I tended to give negative answers towards the union issue because in my experience the unions I've been a part of were ineffectual or simply didn't make a difference. I know my sample size is small, but I've held all of these sorts of positions (part-time adjunct, full-time VAP, and postdoc) across a range of institutions. Sometimes there was a union I was a part of, other times there wasn't. I never noticed a difference in pay, benefits, etc. In fact, the one major issue I faced as a non-TT faculty member (one of real material consequence) was at a school with a union, and when I brought my issue to them they couldn't care less. (This also was a matter of protecting me from the incompetence of my own department, which, again, the union would not/could not do.) I've also twice now watched my union, at two very different schools, be completely ineffectual (for one reason or another) during contract negotiations, getting us no real wage or benefit increase. Don't get me wrong, I'm not anti-union, I just don't have faith that unions are going to make a real dent in the plight of non-TT faculty.

UK Based

A different outlook: I didn't rank a lack of union representation high, as the unions here in the UK, while not as strong as they used to be (unfortunately), are still wonderful and effective groups that all can easily join for very little cost (including no cost to some groups such as PG students).

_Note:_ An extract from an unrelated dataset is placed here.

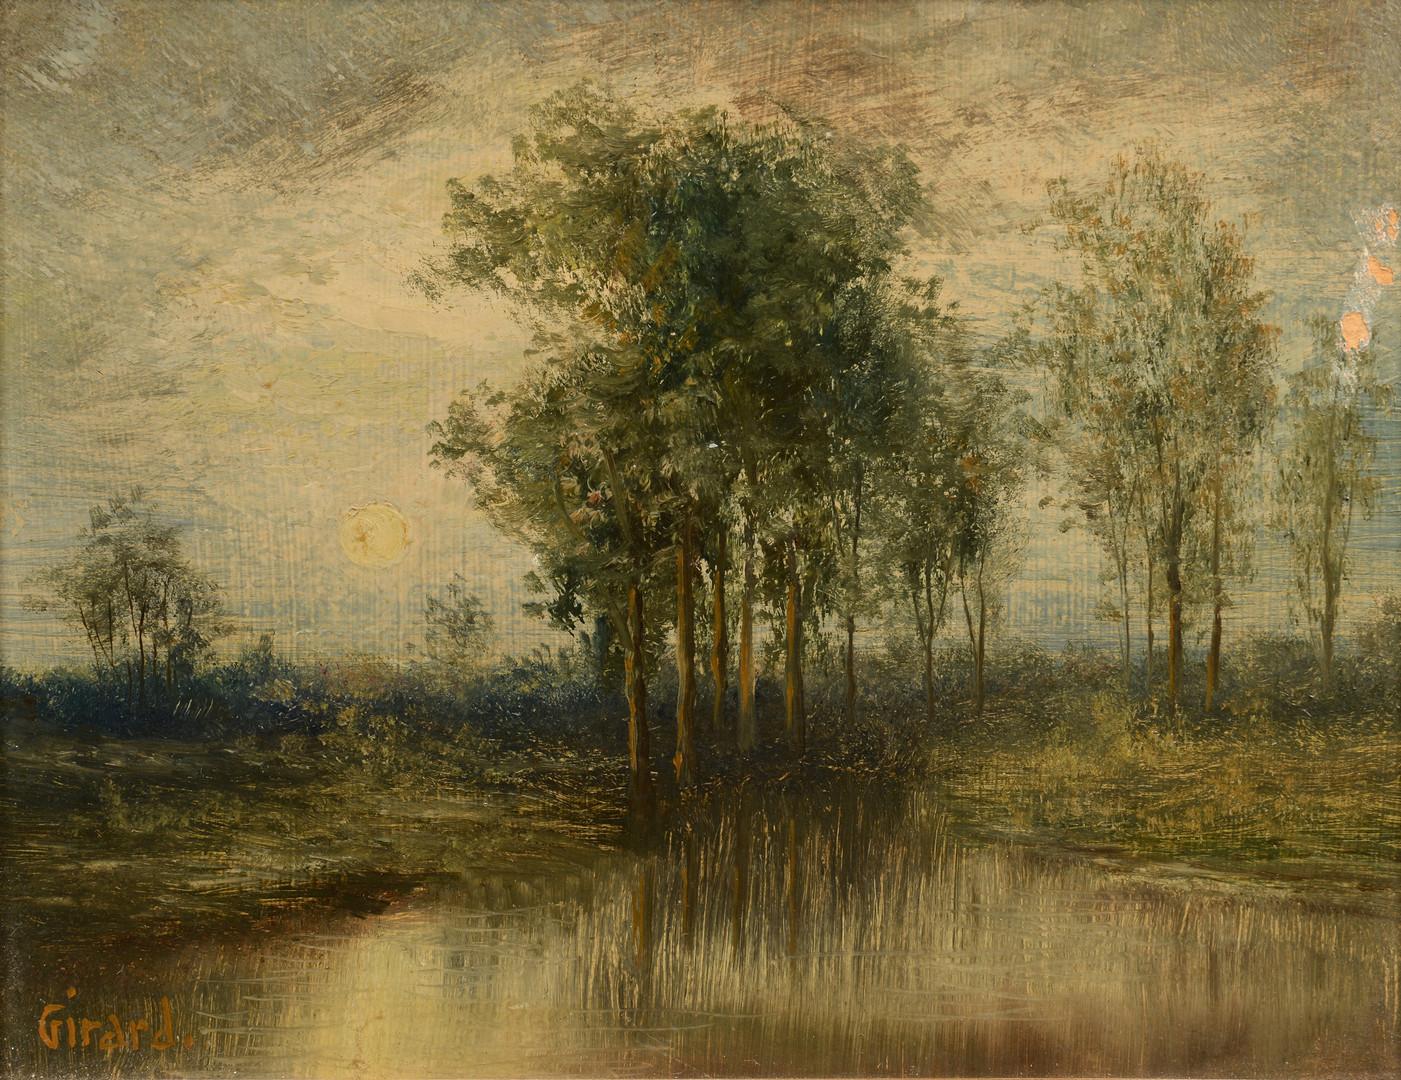 Lot 186: Wm. Washington Girard, TN Landscape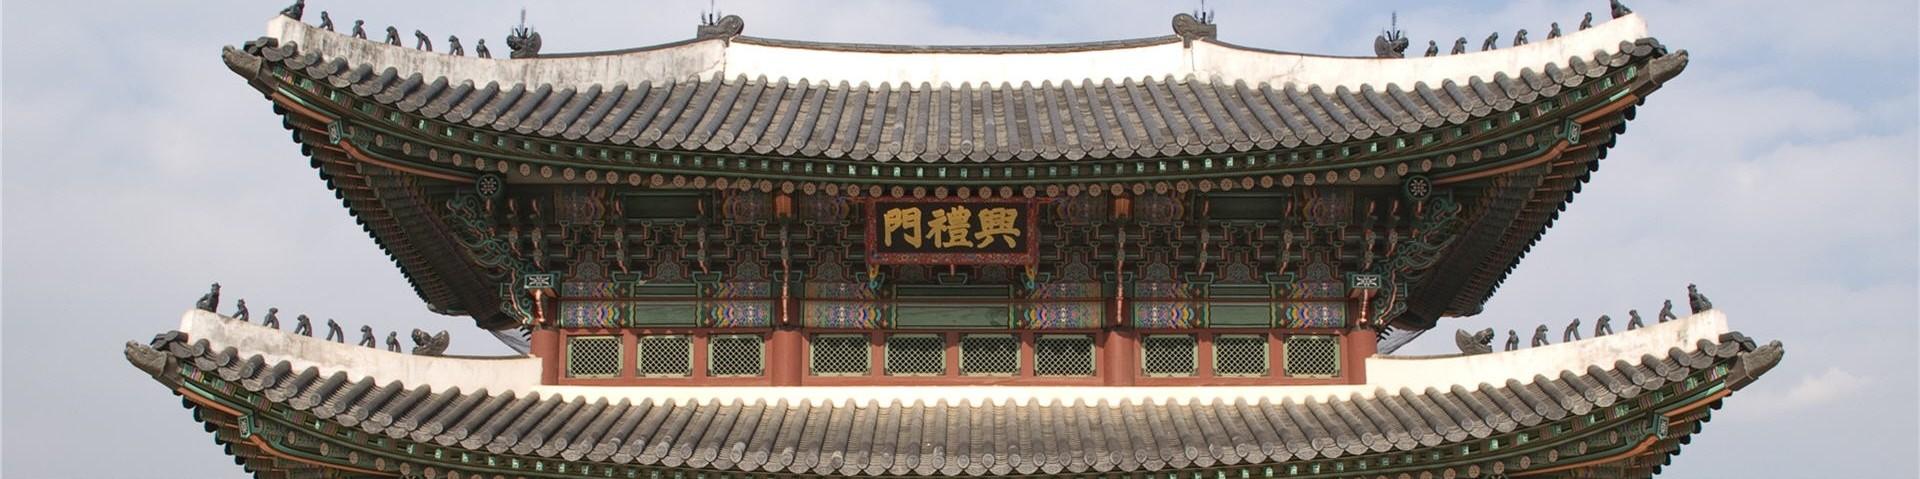 จีนประเทศที่กว้างใหญ่ที่สุดในเอเซียจึงมีเรื่องราวมากมายให้เรียนรู้

There was recently a nationwide strike here, with one major reason for the strike being issues around workloads and casualisation. I'd have liked the union to focus on this before, but there is clear focus within the union on these issues now, and already important successes due to the strikes in getting the national university body to accept that this is a national (not local) issue.

Unions are crucial, and we need to support them. All of us, whatever stage of career we are in. They may not always be perfect, but the stronger the union the better work we be for us all, especially those from marginalised or underrepresented groups, and those on non-permanent contracts. I realise unions are quite different in the US, and seem to be far more local. I responded relative to my situation where I benefit from a strong, national union. If I did not have one, it would have been at the top of my list as through a union we can fight the other issues that are listed in this survey.

a philosopher

"Unions are crucial, and we need to support them. ... I realise unions are quite different in the US, and seem to be far more local. I responded relative to my situation where I benefit from a strong, national union."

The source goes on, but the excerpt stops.